As for any method, EMOT might be improved in various aspects. For example, the extension of our approach to multi-choice contexts, where participants have to assign stimuli to several possible categories. In a similar way, EMOT could be modified to handle with the problem of multi-trial integration, where entropy measures would need to be extracted from the distributions of the participants’ trials. This latter would turn out to the modelization of the error components across trials and participants, which would require the use of a stochastic decomposition of the equality ψ = ξ + ζ 1 + ζ 2 instead of the deterministic representation used throughout the paper. All these points need to be considered in further investigations.

Conclusions

In this paper, we described a novel approach to analyze spatial data arising from mouse-tracking experiments and offer a way to extract spatial descriptors of the movement in the context of two-choice categorization tasks. In particular, our contribution extended the main findings of the descriptive geometric approach (DGA) by providing a way to decompose the spatial information provided by the movement trajectories. We argued that mouse movement trajectories can be regarded as composed of fast movement executions and motor pauses, which are both important for a full understanding of the processes underlying a mouse-tracking task. To illustrate the utility of the new method, we applied our new approach to two real datasets of mouse-tracking data, representing typical categorization tasks in a two-choice paradigm. As expected, we were able to identify interesting spatial movement features, describing characteristics of the processes involved in this type of tasks, such as the decisional uncertainty. Moreover, the second application showed how the proposed entropy measures can capture facets of the categorization process, which would not be represented using standard RT as well as other geometric or distance-based measures. Overall, these results highlighted how differences in terms of global movement trajectories can be better explained considering their constituent components (i.e., fast movement and pauses).

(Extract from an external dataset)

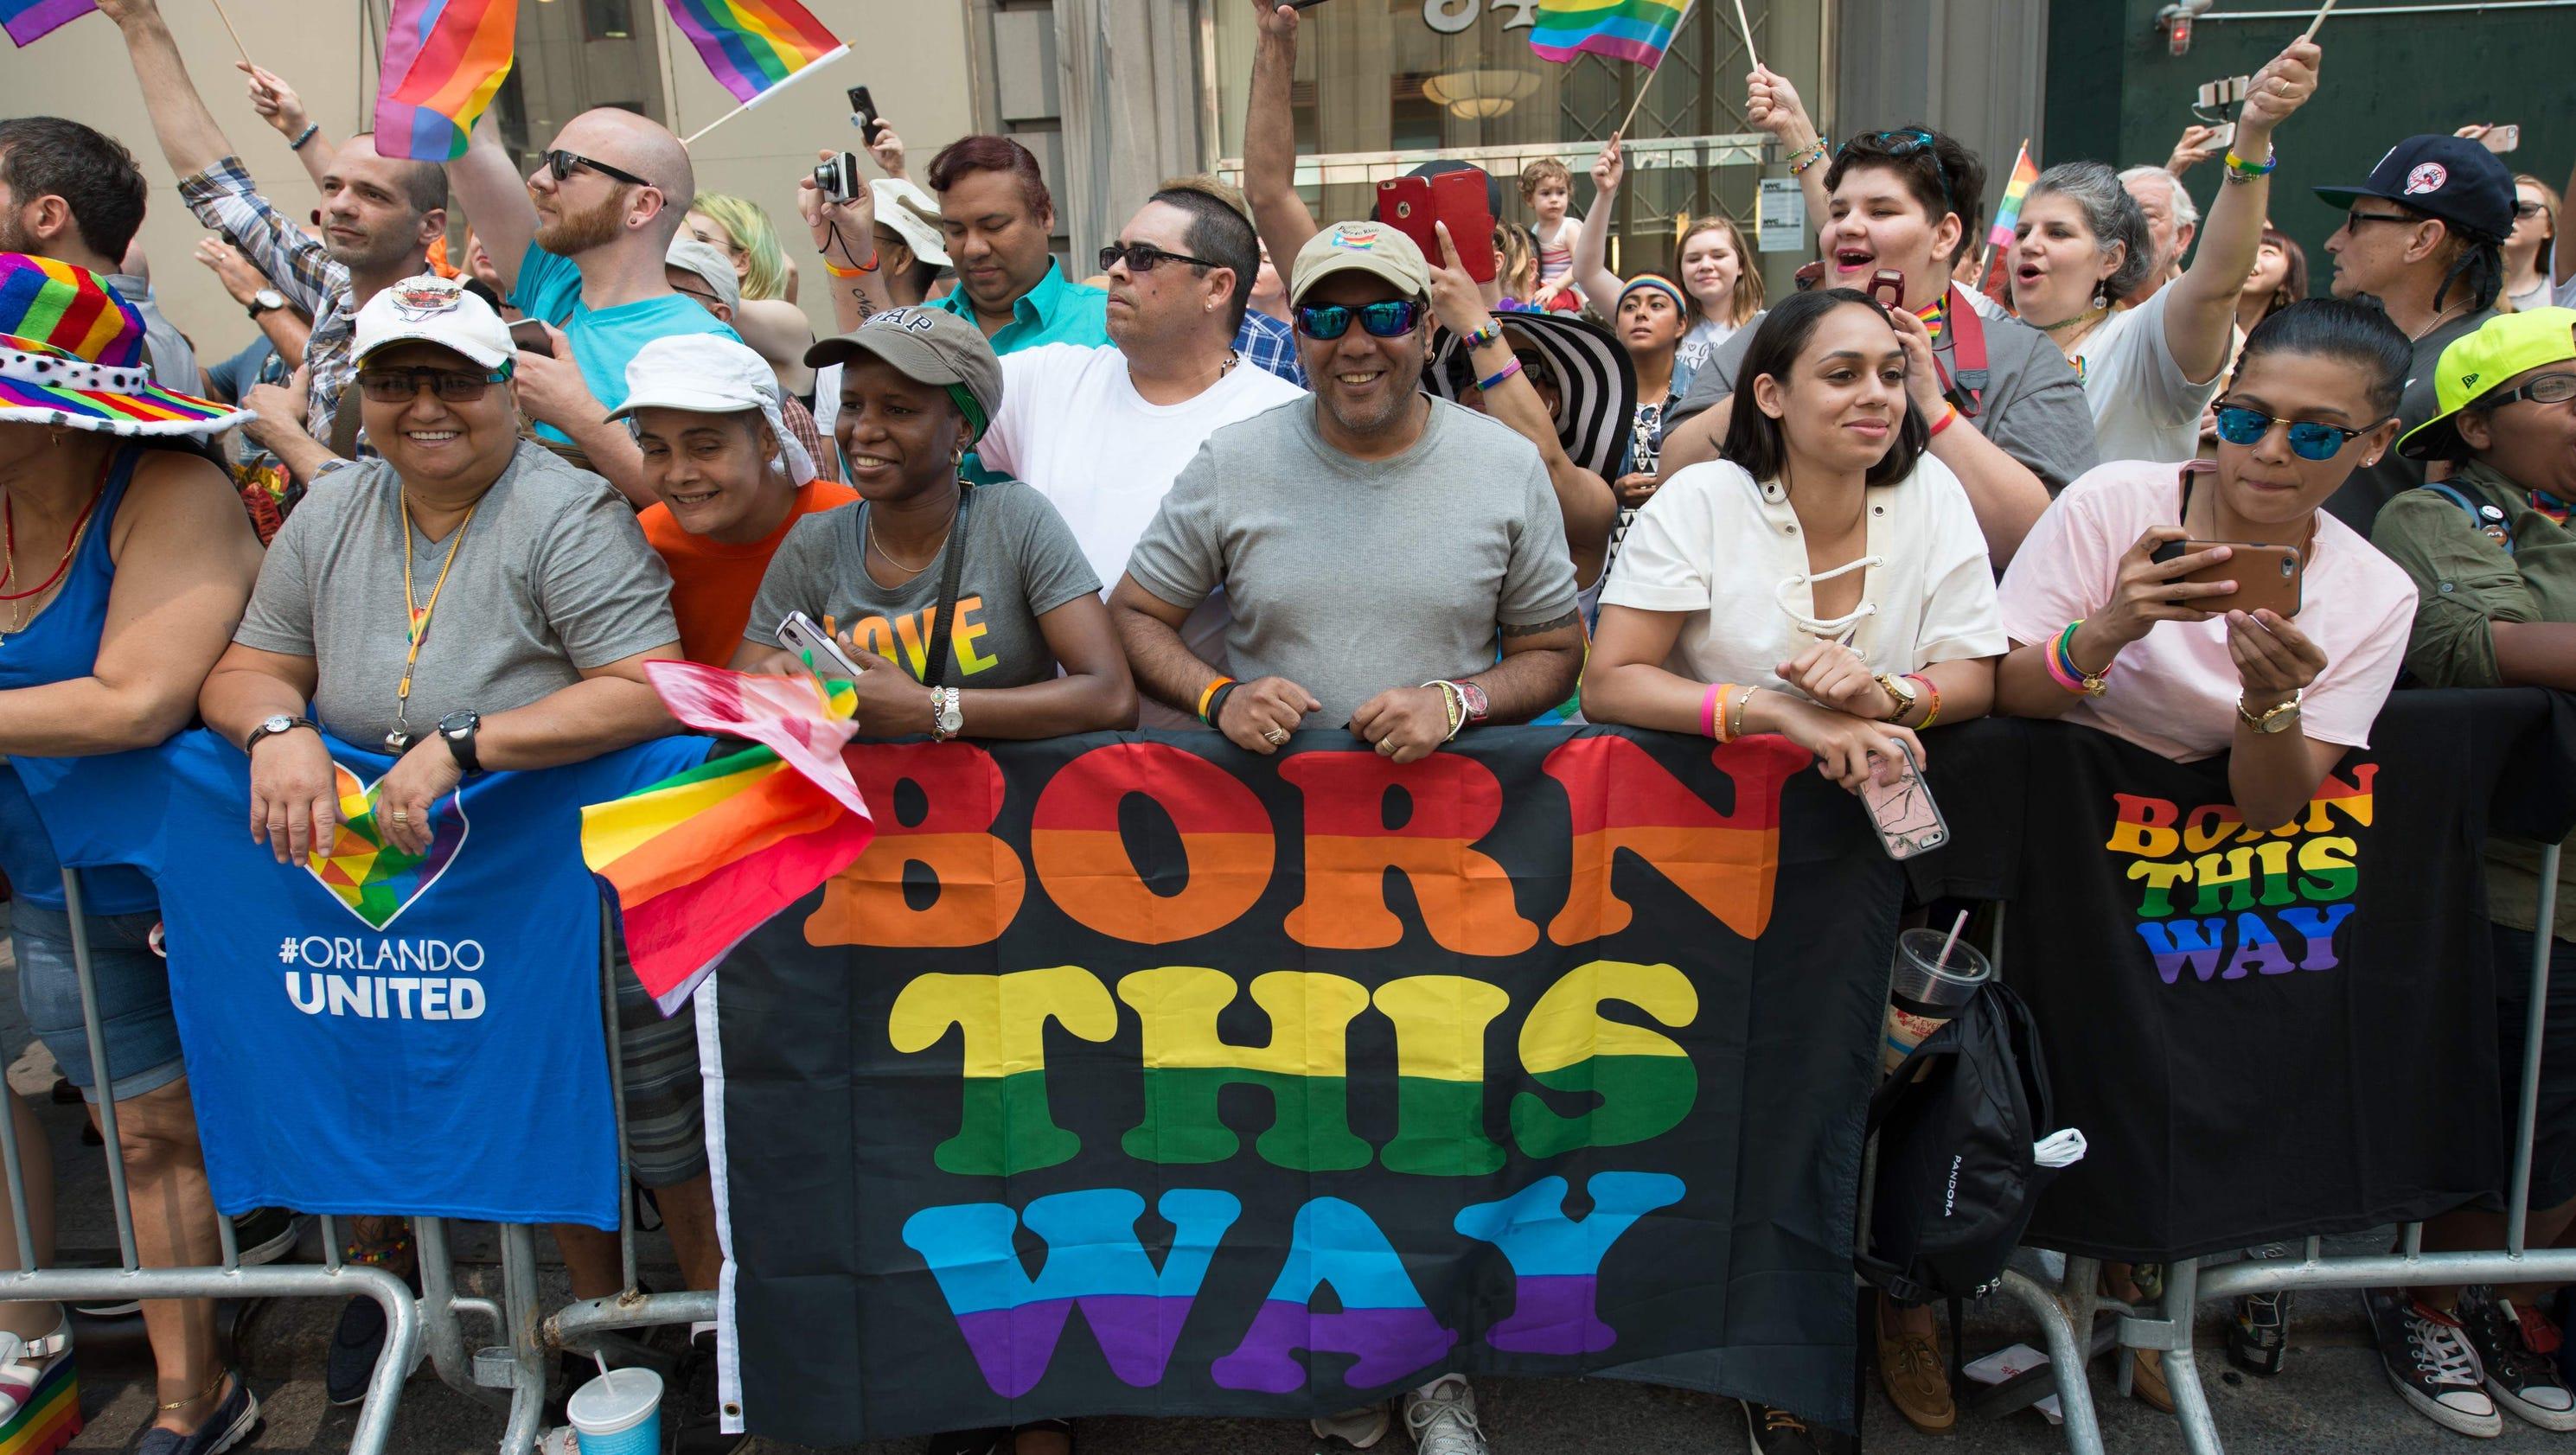 the gay community in so many ways

In conclusion, this study has yielded valuable findings in the decomposition of movement trajectories in terms of fast movements and pauses. Indeed, the information related with the sole movement does not tell the entire story, as also pauses, in particular those occurring in the direction of the competing cue, are important aspects in describing the mechanisms involved in decisional tasks. As far as we know, this is the first time that motor pauses have been modeled and investigated to better understand the cognitive processes involved in mouse-tracking studies. We believe that new research exploring and analyzing movement trajectories will benefit from the advantages gained by the EMOT method.